Squamous cell skin cancer is the second most common form of skin cancer in Canada. The first is basal cell carcinoma (BCC) skin cancer.
|Appearance||SCC presents as thick, red, scaly bumps or wart-like growth. It may also look like an open sore. SCC may grow quickly over a period of weeks.|
|Location||SCC typically appears on areas of the body most often exposed to sun including the head, neck, back of hands and legs.|
|Causes||The most frequent cause of SCC is sun exposure. People who are taking anti-rejection drugs also face an increased risk of SCC, as do those with a genetic predisposition to skin cancer.|
|Who is at risk?||AAs with many forms of skin cancer related to sun exposure, those with fair skin, people who work outdoors or those who have had a lifetime of exposure to the sun and without adequate protection, are at risk. Organ transplant or immunosuppressed people are also at risk.
Organ transplant or immunosuppressed patients are at higher risk.

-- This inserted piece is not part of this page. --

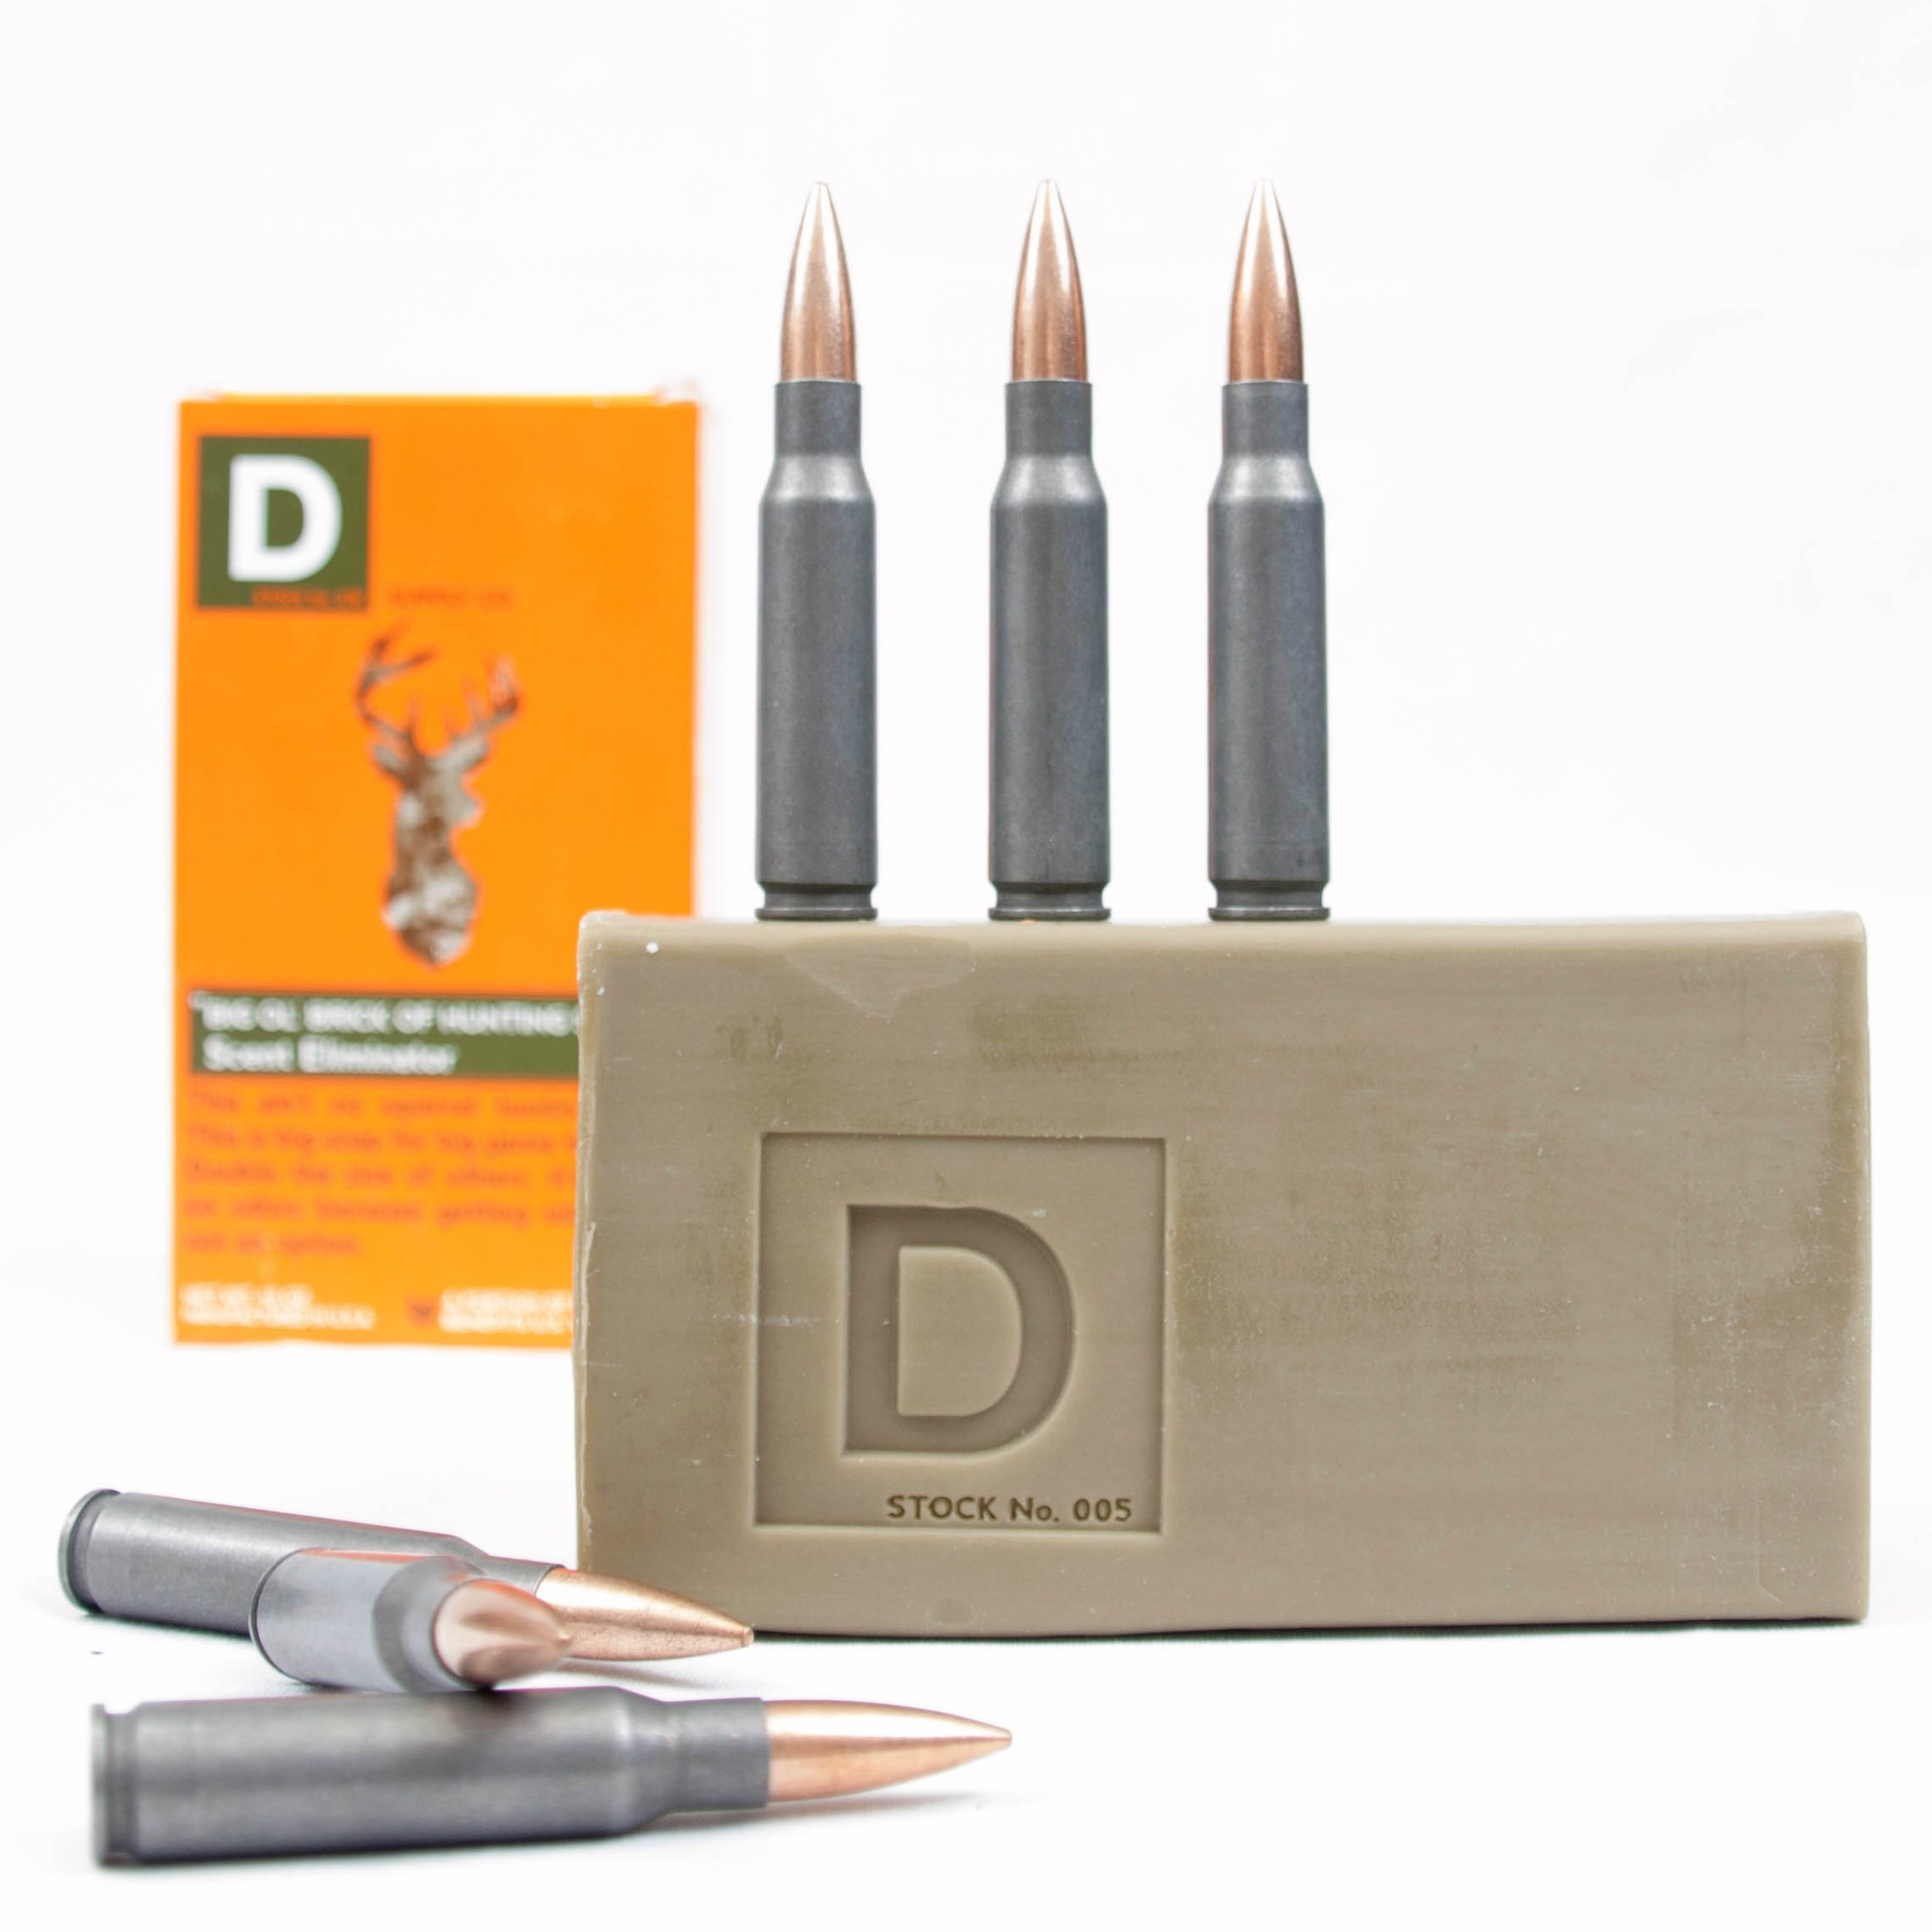 Duke Cannon Big 'Ol Brick of Hunting Soap - Scent Eliminator, 10 oz. (Pack of 2)
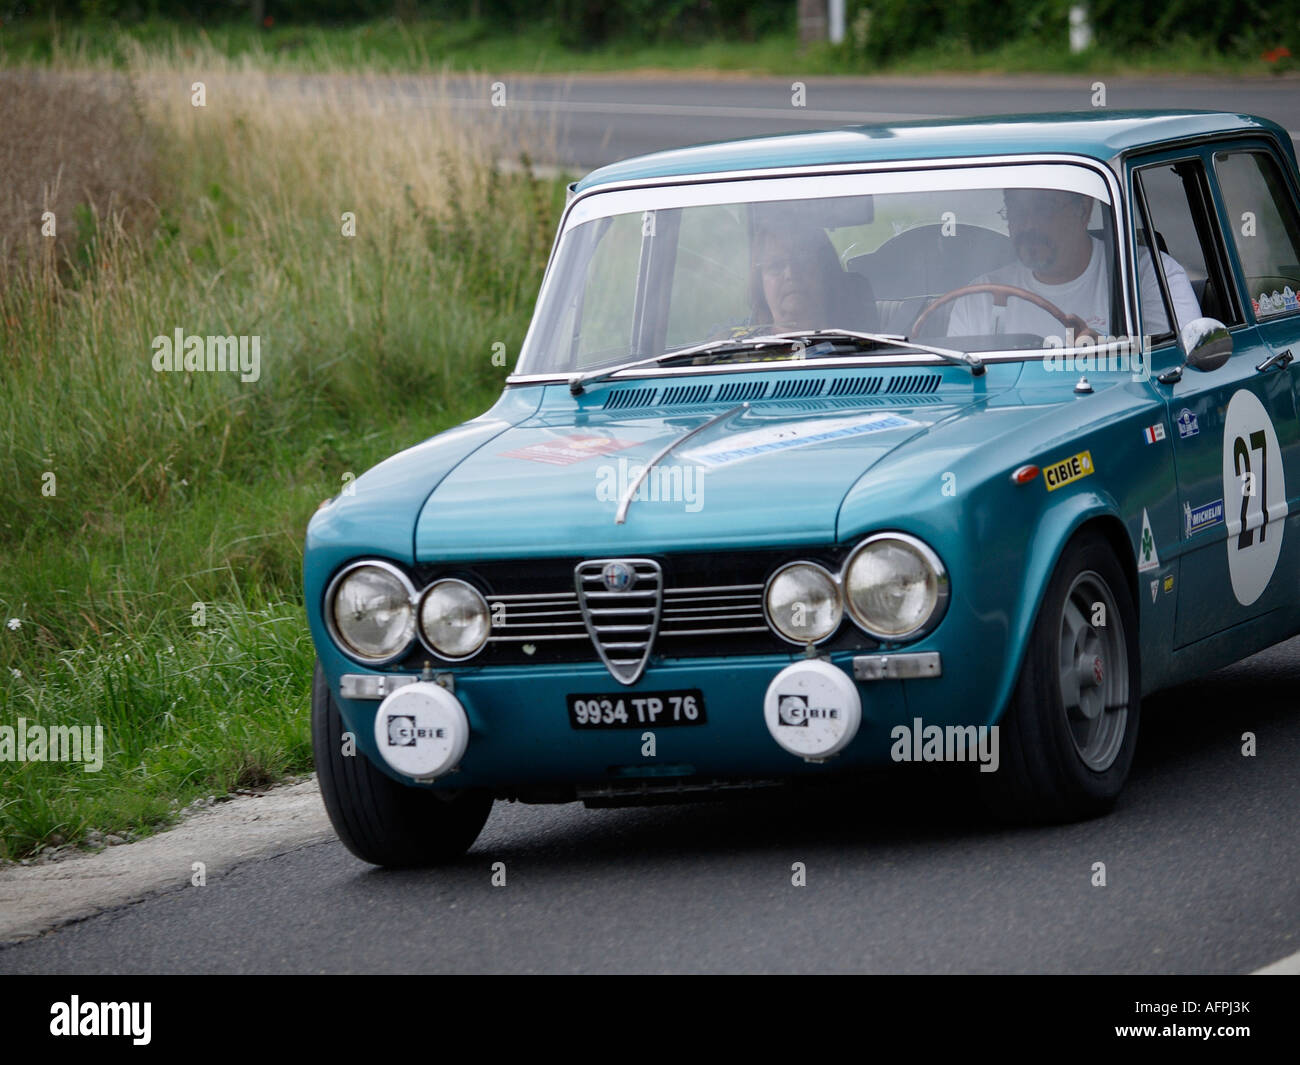 Metallic blue Alfa Romeo Giulia competing in the Boucles de Loire classic car rallye 2007 Cande sur Beuvron France - Stock Image

|Treatment||The specific treatment for SCC will depend on its location and severity but may include cryotherapy (SCC in situ), topical cream (SCC in situ), surgery, Mohs surgery or radiation therapy.|
What happens after treatment?
Proper treatment is normally able to cure SCC. However, patients with SCC are at greater risk of further incidents of SCCs and also at greater risk of other skin cancers. Once a patient has been treated for SCC, a regular schedule of skin examinations is generally recommended.
Can SCCs be prevented?
Since the greatest cause of SCC is sun exposure, proper protection from the sun has great potential to reduce risk, especially as people age, for those who have fair skin and anyone who may be immunosuppressed.